- [WHAT THIS TASK INVOLVES]: Nothing but an exact copy is asked for: the lines in the material below from the one with "Dacia Discounted vehicles, second" through the one with "An Early Dandy", pictures excluded.

- [EXTRACTED INFORMATION]:
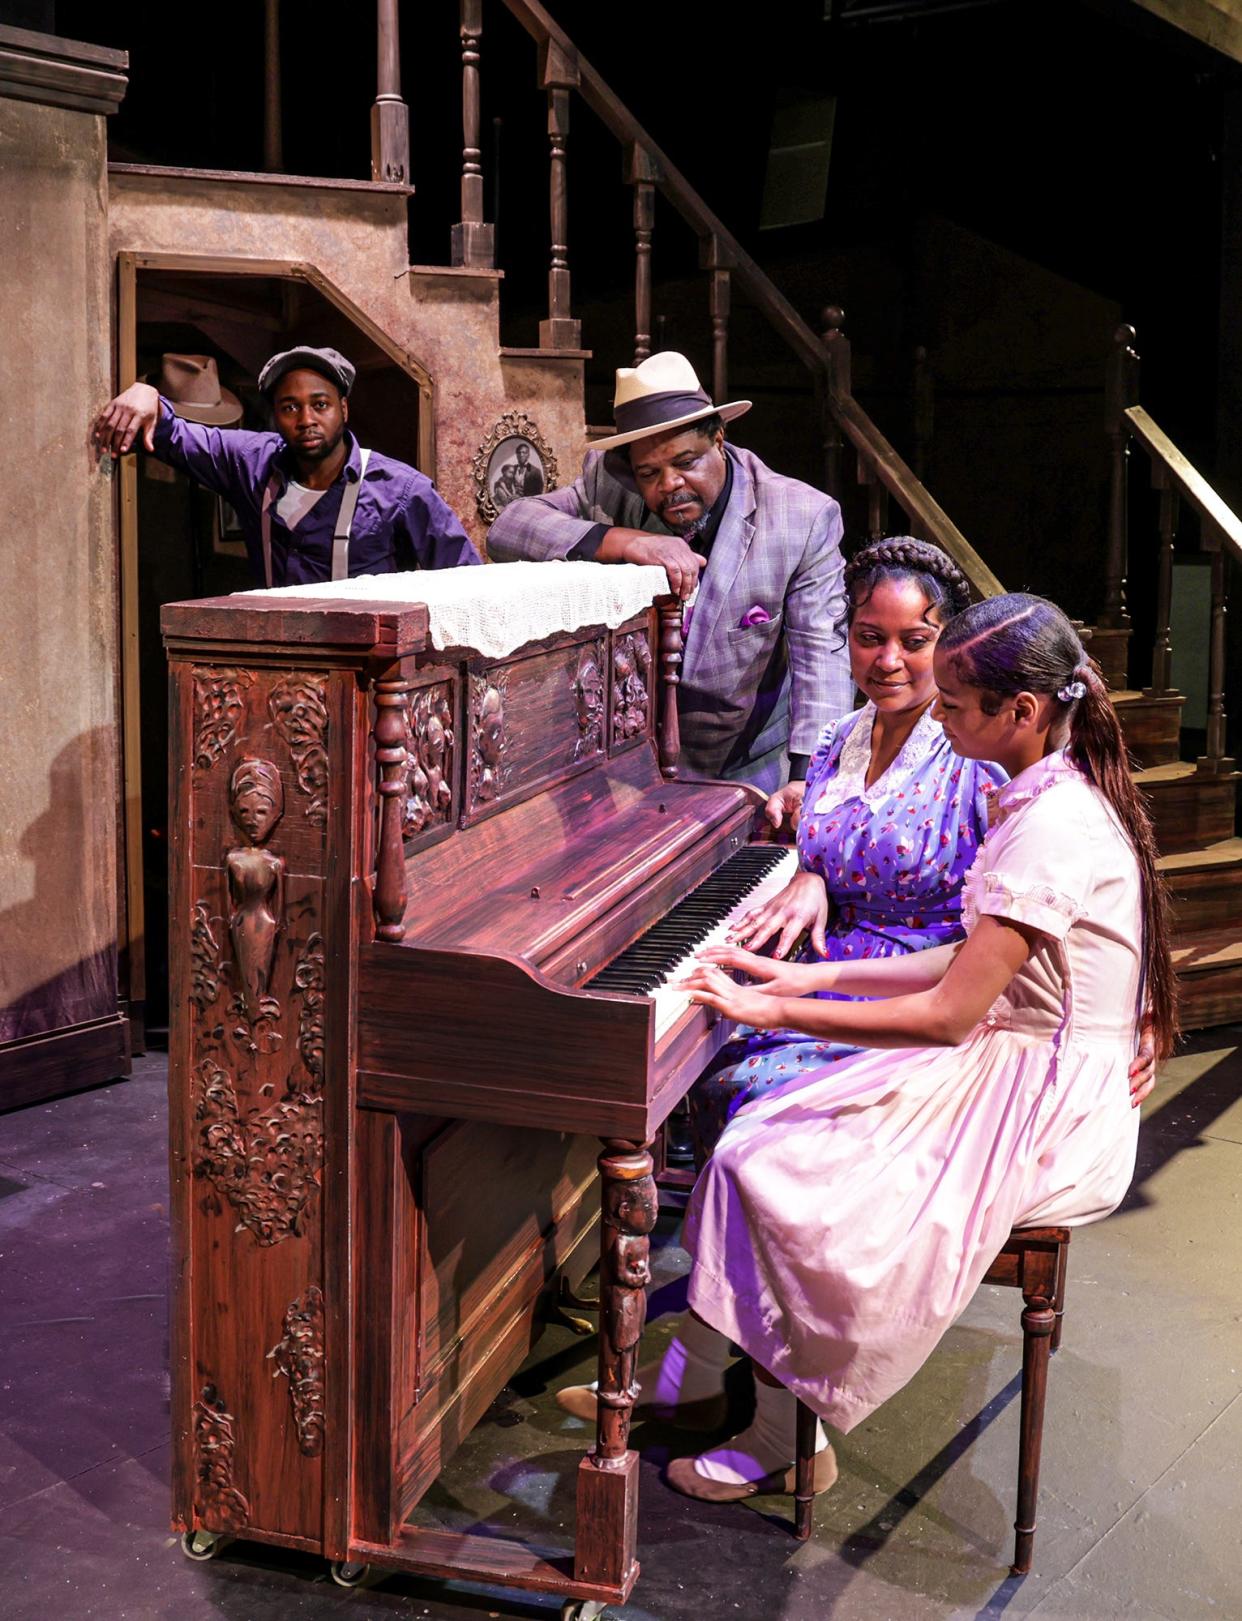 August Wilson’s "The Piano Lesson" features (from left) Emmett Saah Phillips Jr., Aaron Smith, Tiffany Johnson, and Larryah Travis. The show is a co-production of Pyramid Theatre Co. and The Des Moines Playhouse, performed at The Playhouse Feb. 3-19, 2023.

* * *

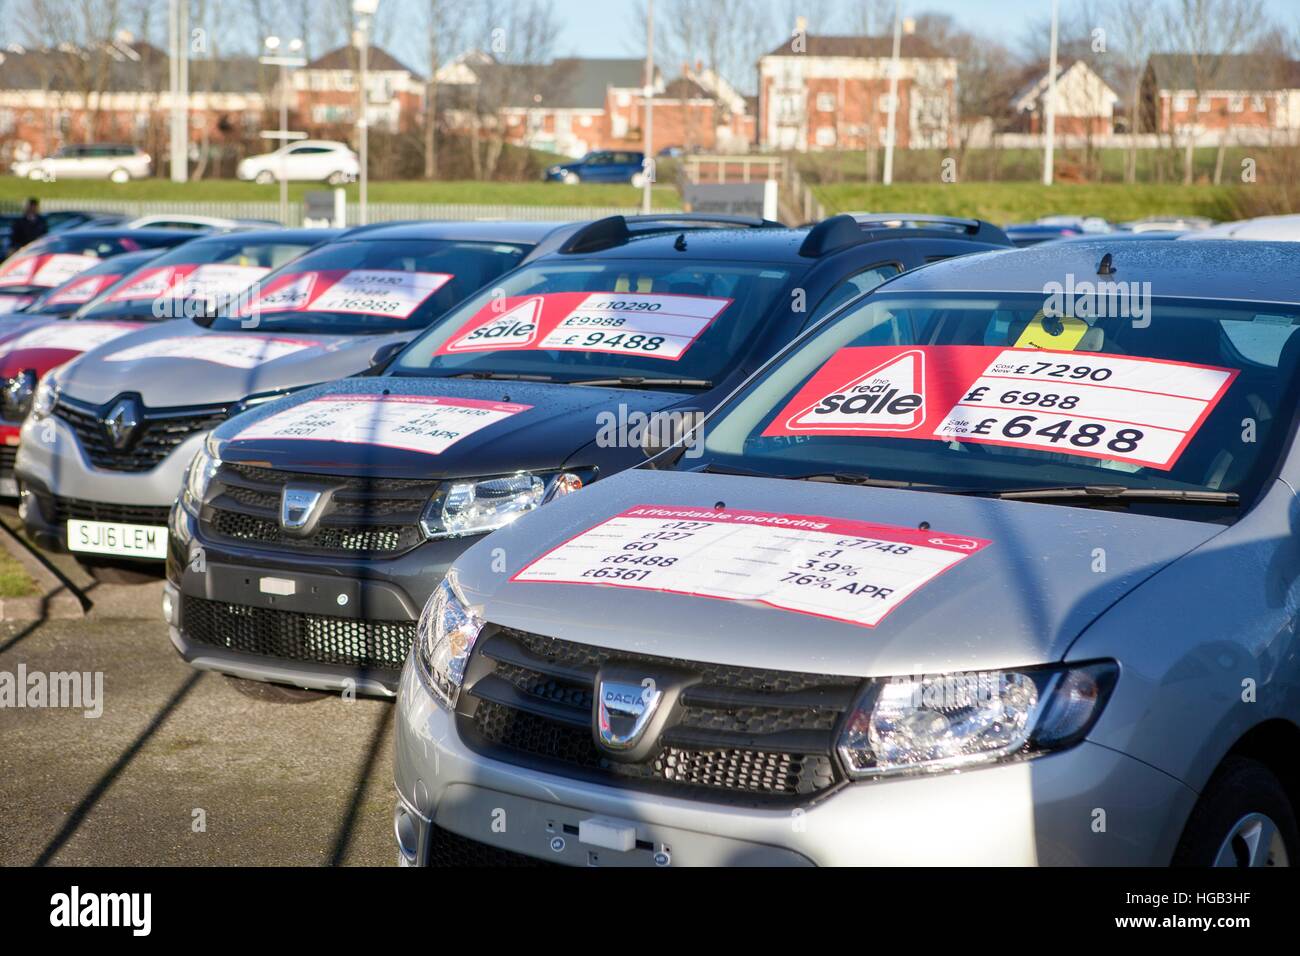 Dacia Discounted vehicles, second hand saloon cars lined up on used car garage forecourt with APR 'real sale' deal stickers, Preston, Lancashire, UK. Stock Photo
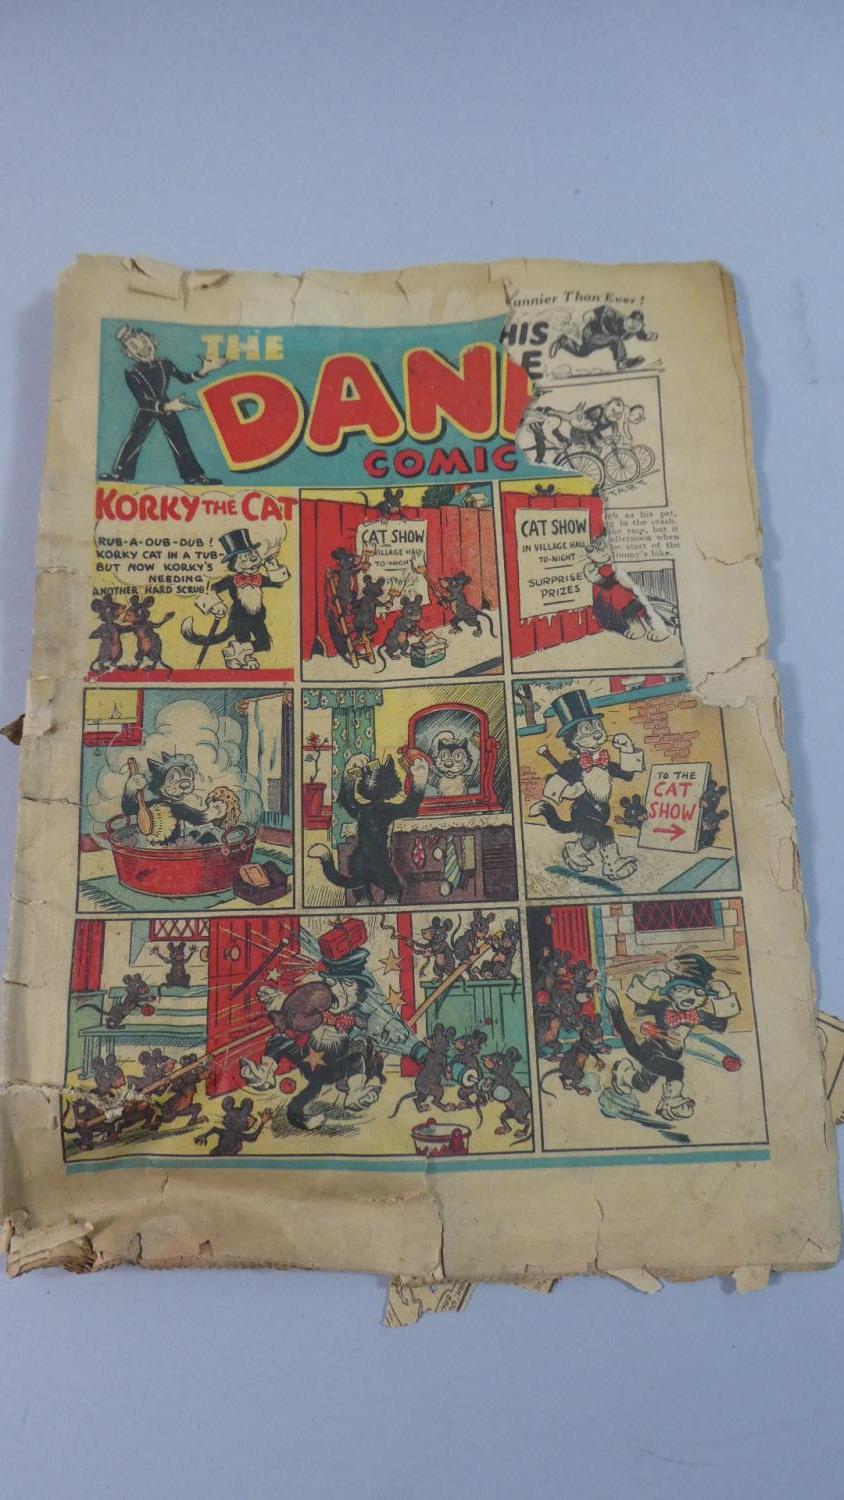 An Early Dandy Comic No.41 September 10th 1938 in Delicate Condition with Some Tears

- [FINISHED TASK]:
 Dacia Discounted vehicles, second hand saloon cars lined up on used car garage forecourt with APR 'real sale' deal stickers, Preston, Lancashire, UK. Stock Photo
 An Early Dandy Comic No.41 September 10th 1938 in Delicate Condition with Some Tears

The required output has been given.